Analyse d'un cas clinique d'une personne jeune (58 ans) atteinte par la maladie d'Alzheimer et de son rôle de révélateur dans un EHPAD.

Par: Agnès Michon, Neurologue, groupe hospitalier Pitié-Salpêtrière, AP-HP / Jean-Pierre Chesson, Médecin coordonnateur, EHPAD, Fondation Gourlet Bontemps / Élodie Passeri, Psychologue clinicienne, Neuropsychologue, EHPAD, Fondation Gourlet Bontemps /

Publié le : 28 Juillet 2014

Madame D est une patiente jeune de 58 ans atteinte d’une forme précoce de la maladie d’Alzheimer. Elle a été admise en EHPAD, sur dérogation,  dans un contexte de crise marqué par la majoration de troubles psycho-comportementaux. À plusieurs reprises nous nous sommes rencontrés (l’équipe de l’EHPAD, la psychologue référente du PASA, le médecin coordonnateur, le neurologue référent)  pour une réflexion pluridisciplinaire, afin de tenter de trouver des réponses aux difficultés et aux questions soulevées par Madame D.  Celle-ci présentait des manifestations d’angoisse majeures avec agitation psychomotrice, sollicitations et questions incessantes, déambulation, perturbant les autres résidents et entraînant des comportements de rejet ne faisant qu’aggraver la situation. La « gestion » des troubles du comportement devenait difficile pour les soignants à tous moments de la journée, toilette, repas, activités, sorties avec la famille.
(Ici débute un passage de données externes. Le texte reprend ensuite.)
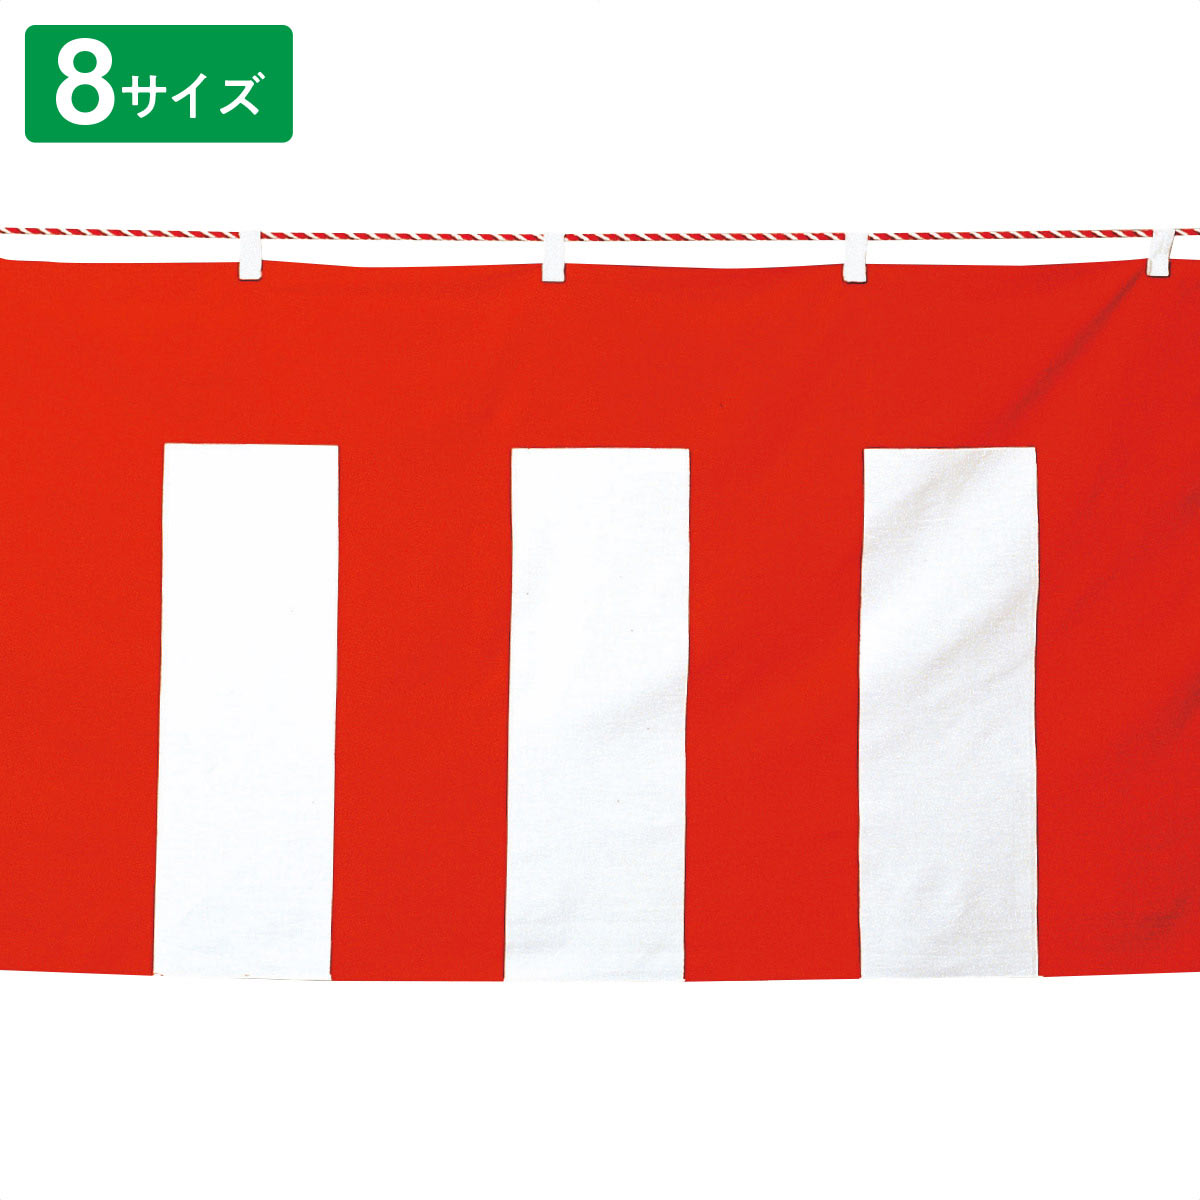 紅白幕(ポリエステル)8サイズ 45cmx5.4m【通販】ストア・エキスプレス

L’équipe a fait preuve d’un investissement remarquable, mettant en place un programme de soins et un accompagnement personnalisé, incluant un travail non seulement individuel, mais aussi avec la famille, la problématique systémique apparaissant être un facteur important dans l’émergence et le contenu des angoisses. Plusieurs questions ont été au cœur des débats : comment apaiser ces angoisses si légitimes face à une forme de la maladie aussi rapidement évolutive et destructrice ? Angoisses de mort,  qu’il fallait contenir, non seulement chez Madame D elle-même, mais aussi chez la famille, et encore sans aucun doute chez les soignants devant se confronter à des processus d’identification à l’œuvre, bien différents de ce qui pouvait se jouer avec les autres résidents âgés. Comment comprendre des manifestations de la maladie si inhabituelles (du fait de la forme jeune atypique) et adapter l’approche en conséquence ? S’adapter sans prendre du temps au détriment des autres résidents ? Quelle place pouvait-on faire à Madame D, seule patiente jeune au milieu de patients âgés ? Et quelle place avait-elle prise ? Elle-même, dans l’incohérence et la confusion de ses troubles, avait pris une place tout à fait signifiante au cœur des interactions soignantes, et au cœur des interactions familiales, rejouant probablement ou remettant à l’œuvre (dans ce qui nous était donné à voir) des enjeux familiaux anciens.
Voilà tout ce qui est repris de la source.